I’ve realised over time, even more so recently, that you can’t change what your loved ones are going to do, even if you don’t agree with them. You can express your feelings, you can ask them to change, but you can’t force them to see things from your point of view or to act in the way you believe is right.
I’ve come to a point in which going forward I will express my feelings and then move on. Holding onto negativity doesn’t benefit me. It doesn’t encourage them to change. It doesn’t help them to understand how I feel. It doesn’t have any effect, other than weighing me down, impacting my mental health, and making me feel negative. So once I’ve done all I can to constructively and logically deal with a situation, and gotten my feelings off my chest, I am going to release any negative energy into the world and let it go.
Especially at the moment, it’s easy to see just how precious and delicate life is.
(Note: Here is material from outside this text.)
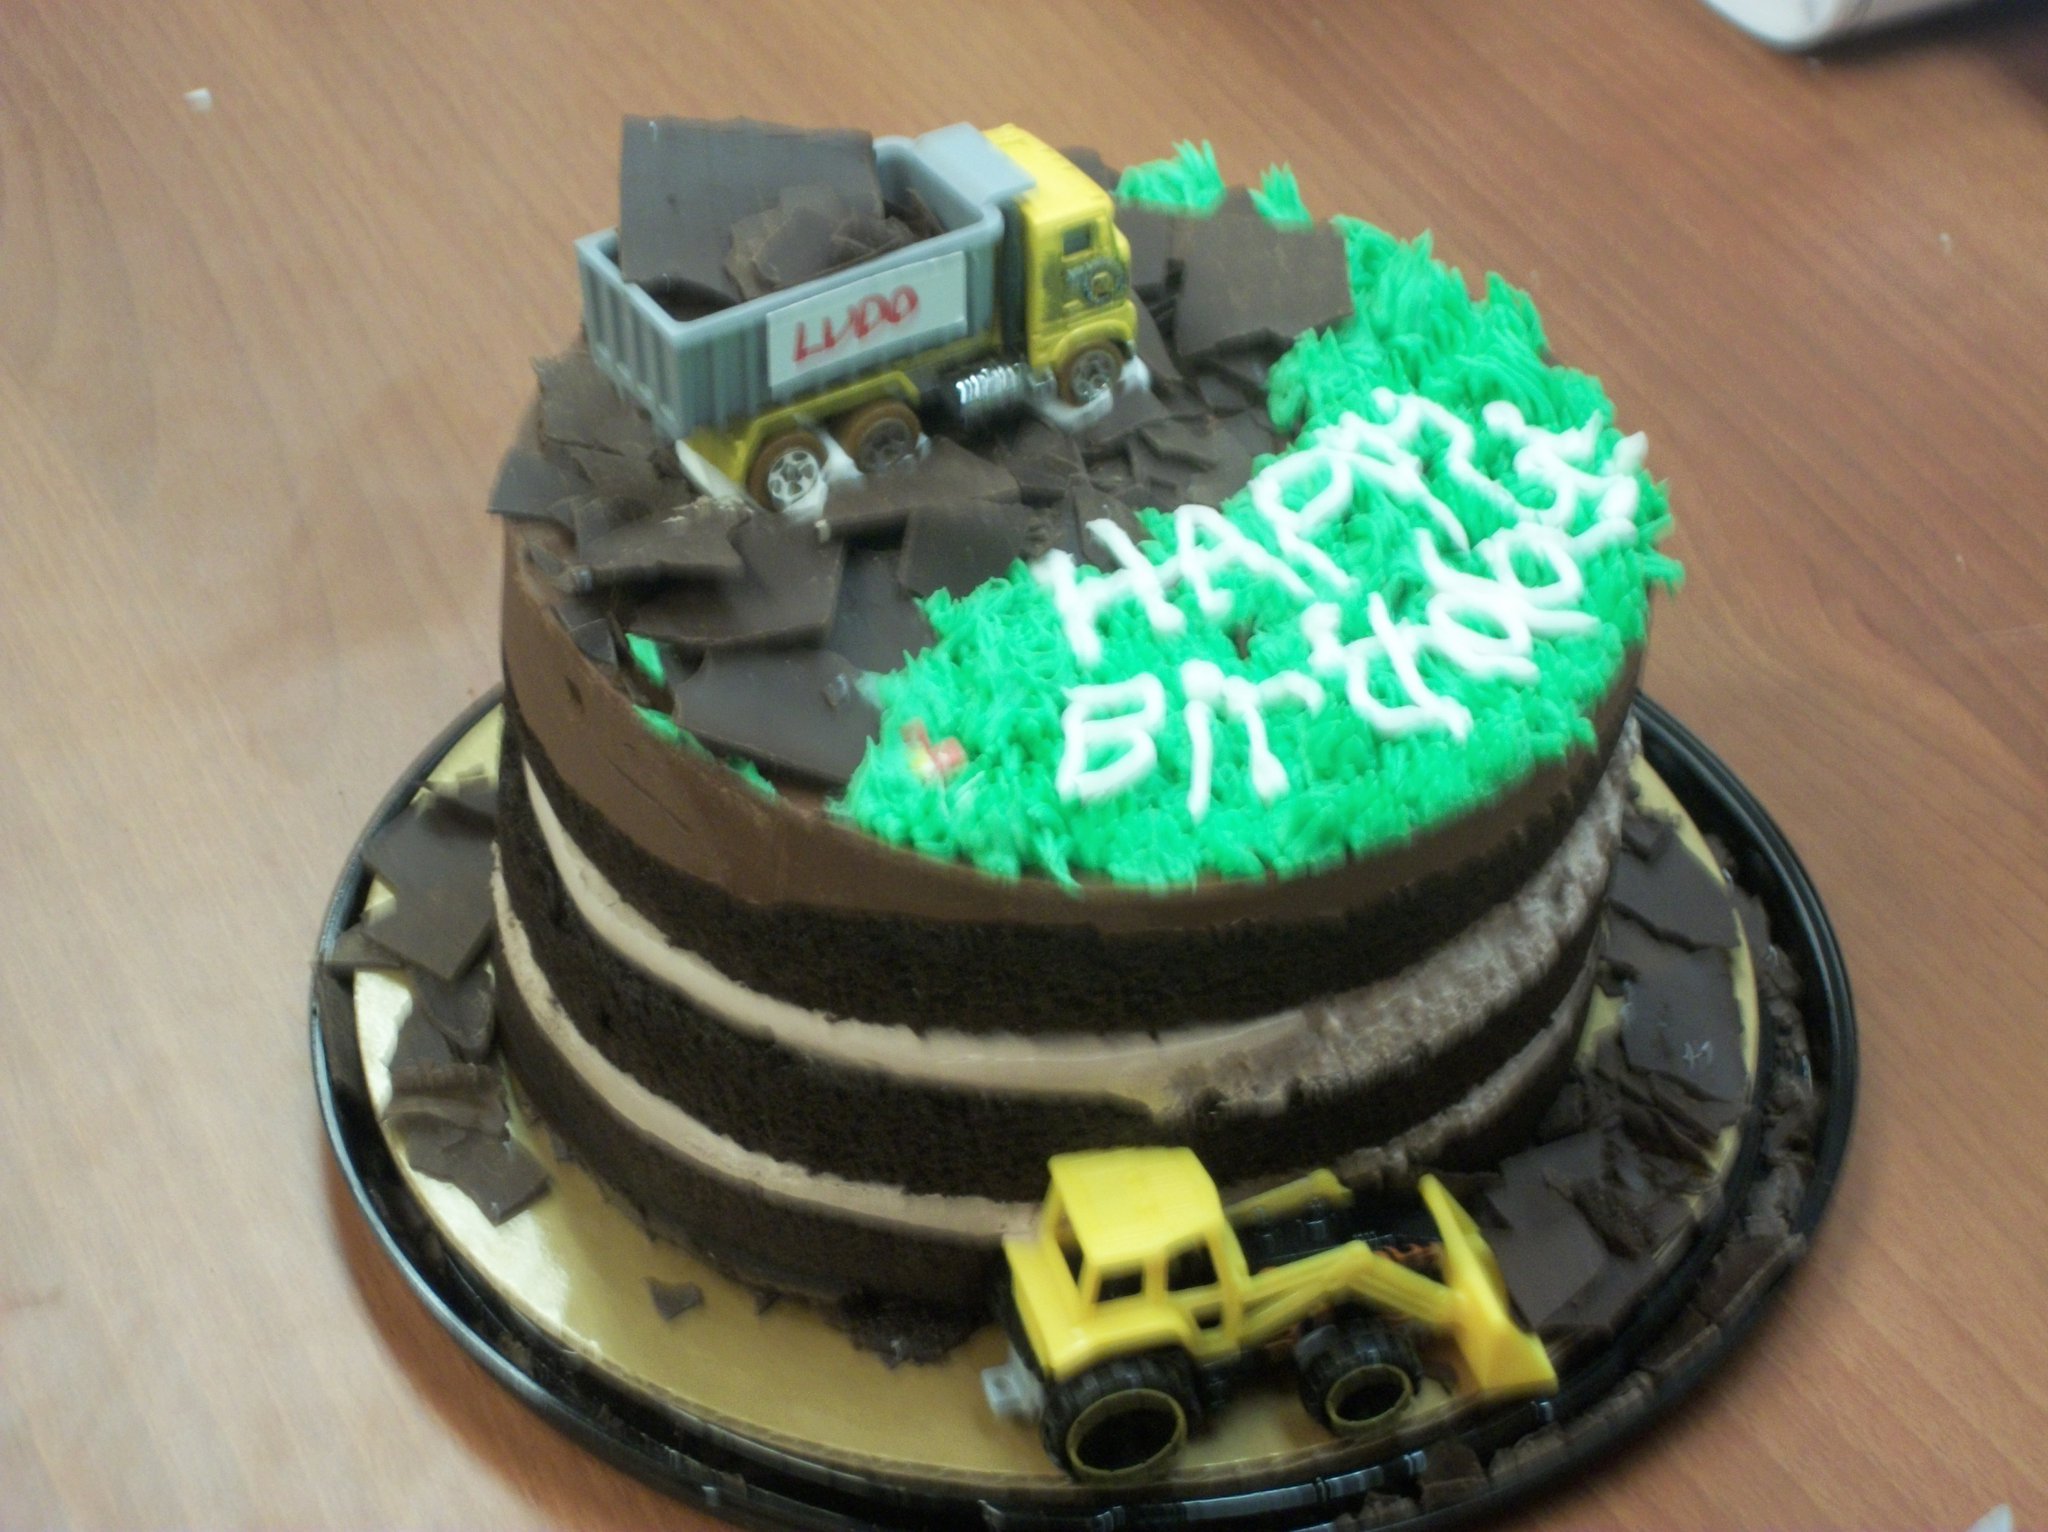 Engineer Theme Birthday Cake - Special Customized Cakes

You never know what’s around the corner. None of us knows what will happen tomorrow. I don’t want to waste any of my life holding onto grudges or feeling negative energy bubbling away inside me. I have enough negativity from my bipolar disorder which I can’t control, so it’s important for me to deal with what I can control in a way that is going to improve my life and allow me to enjoy it to the best of my ability.
This has been a journey of discovery, as so much of life is, and will continue to be one. I will continue learning and growing as a person. I will continue to try to do my best for those I love, and for myself. I will continue to try to help others through my writing and stand up for what I believe in and I feel is right. I will value my mental health and set boundaries where I have to. If there are people in my life who bring only negative energy my way and aren’t willing to try and change, I will distance myself from them. I won’t carry negativity with me. I will try to be centred, grateful, hopeful, peaceful and positive, as much as my mental illness will let me.